Quotulatiousness

January 11, 2017

Colby Cosh boldly speaks out for a tiny minority of Canadians

Filed under: Business, Cancon, Football, Media — Tags: , , , , — Nicholas @ 02:00

For some reason, Colby Cosh has decided to drag out Rocinante to defend the rights of Canadian broadcasters to continue substituting the same fricking commercials they play all year during the Super Bowl:

I am here today to speak for the voiceless. To embolden the powerless. To raise awareness of the nation that lives unseen among us. I am referring, of course, to the invisible SimSub race: Canadian Super Bowl viewers who may actually prefer to have Canadian commercials broadcast on TV along with the football game.

For years we have remained in the shadows while opponents of “simultaneous substitution” dominated the conversation. The antis won a great victory in 2015 when our federal broadcast regulator, the CRTC, ruled that the Super Bowl was a unique TV event — one in which the expensive ads on the originating American broadcast were conceptually inseparable from the rest of the show. The Super Bowl ads, the CRTC said, ought not to be obscured by boring, artless commercials for Canadian tire stores and investment accounts.
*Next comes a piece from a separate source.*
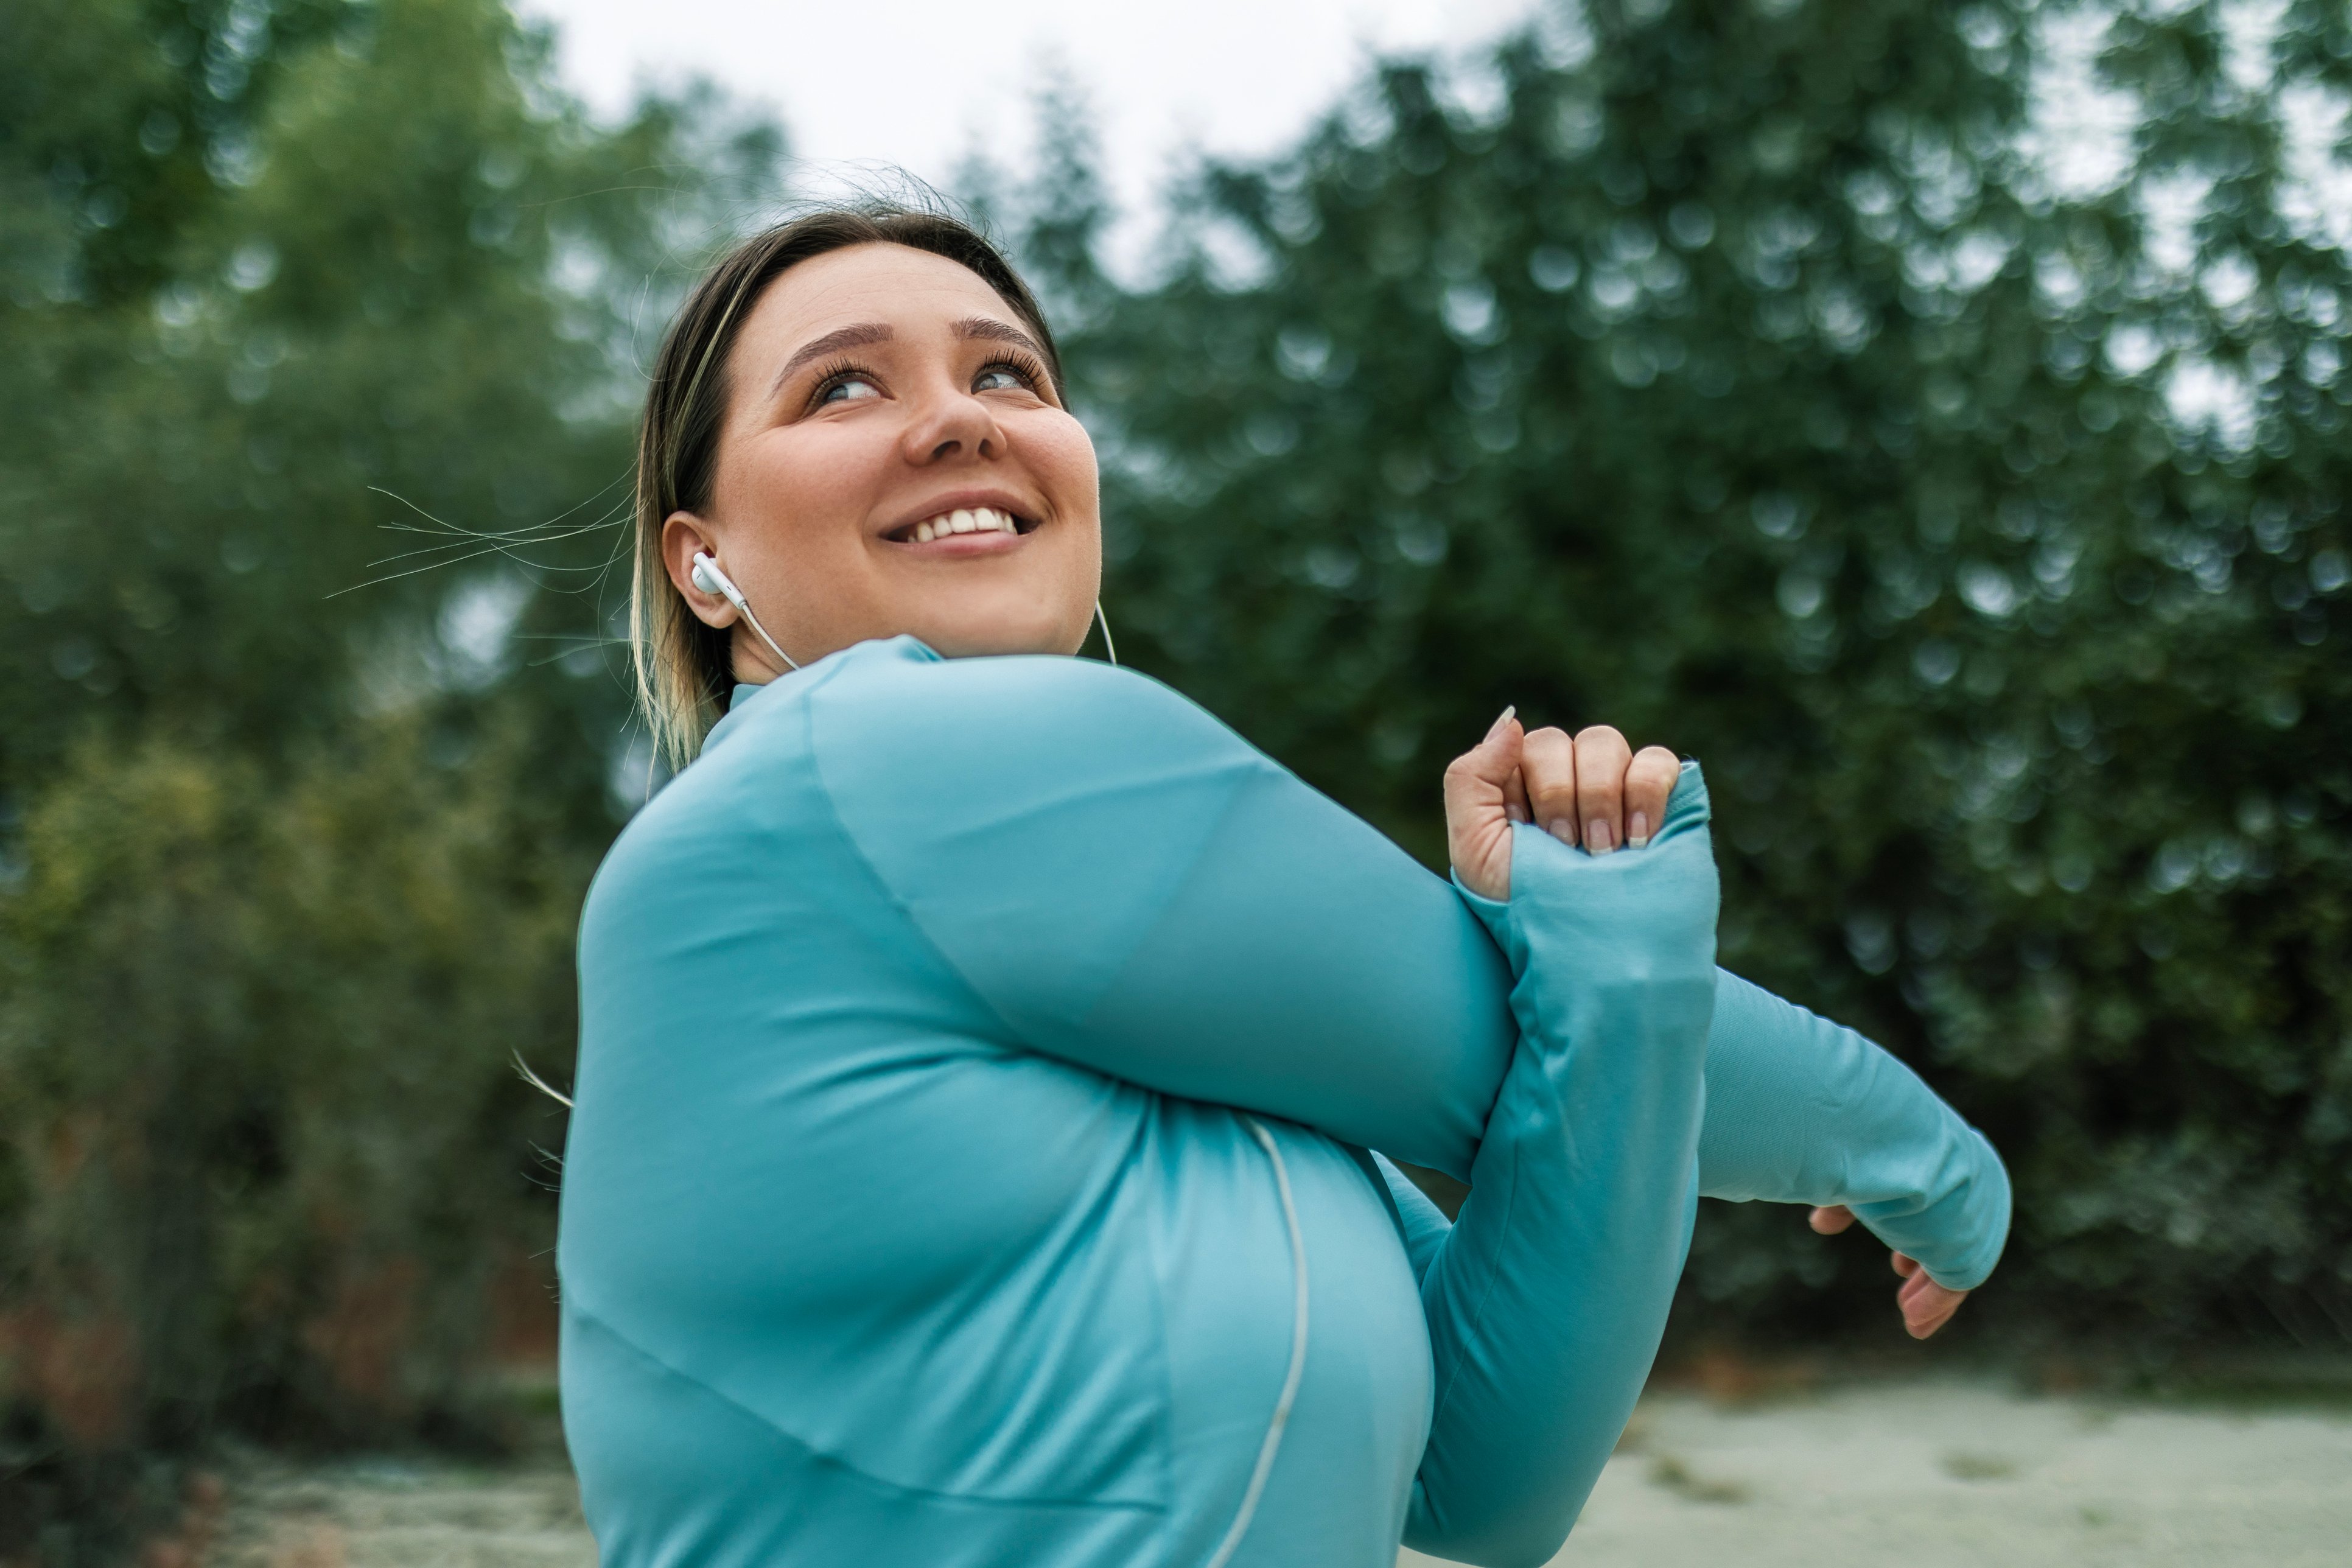 Patients who struggle with weight loss or exercise goals find success with the Healthier You program

The first Super Bowl broadcast to be non-simsubbed by CRTC fiat is scheduled for Feb. 5. But Bell Media, which bought the Super Bowl TV rights expecting to be able to show bad Canadian commercials to Canadian viewers, is joining up with other threatened interests to ask the Liberal government for an extreme, last-minute ministerial intervention in favour of another year of simsubbing. I am trying very hard not to describe this as a “Hail Mary pass”, but, well, there is a reason that metaphor is popular. And Hail Mary passes sometimes work.

I am kidding about the existence of a pro-simsub constituency — kind of. The CRTC made its decision partly because everyone agrees that the substituted advertising is always disappointing. It gave the commission the opportunity to do something populist that would reverse its own political reputation as a force-feeder of dismal CanCon, a drearifier of Canadian media.